顔を伏せたまま荷物を回収し、そそくさと背を向ける。スニーカーを履いていたら、やけに楽しそうな声がトドメのようにおっかけてきた。

「ナツ!男同士も、ちゃんとゴムはつけなきゃ駄目みたいだからねー。えっと、この辺で売ってんのはねぇ…」
「お邪魔しました!!」

女が平然とゴムとか言うな。あとそんな情報は全く要らない。っていうか、俺は何でこんなに顔が熱いんだ…!

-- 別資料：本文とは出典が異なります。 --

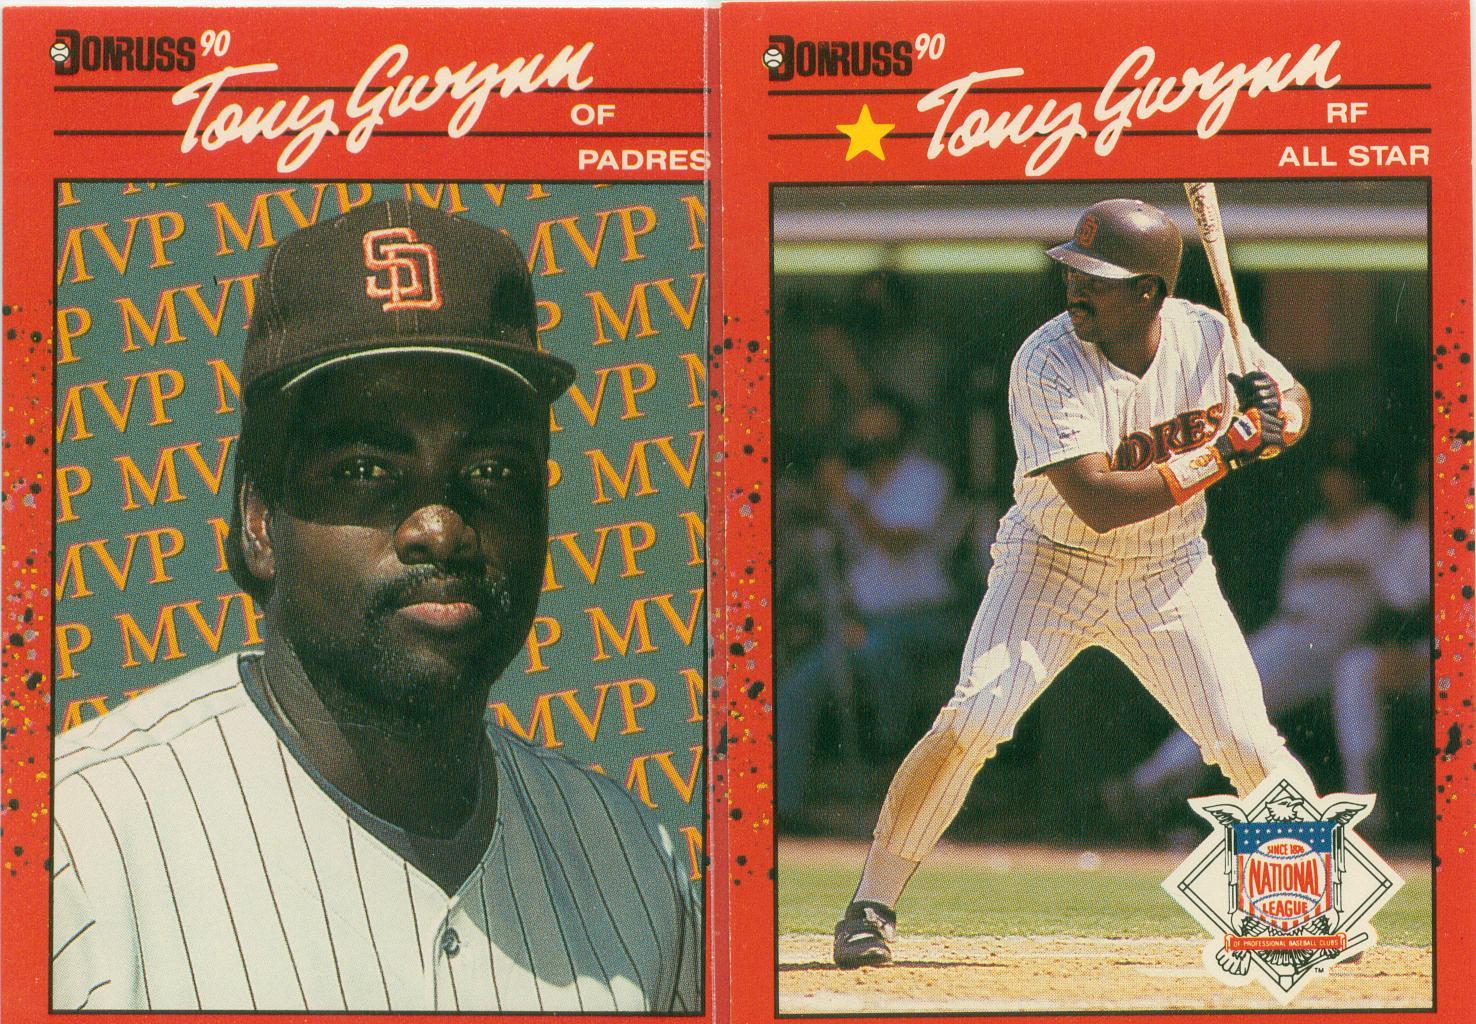 Tony Gwynn 1990 Donruss Pair Mvp All Star 30 Year Old

歩き慣れた武藤家からの帰り道。顔のほてりはキツイ日差しのせいに、どうにもふわふわ収まりのつかない気持ちは、葵を通り越してそのバカ兄のせいにすることにした俺だった。





「あれ、葵、夏野まだ来てないか?昼過ぎにはいくって言ってたし、そろそろかと思ったんだが…」
「…よかったね、兄貴。まだまだ脈はあるみたいよ」
「ほぇ?」







★葵ちゃんはイイコだから、兄貴の恋は全力で応援してくれるはず。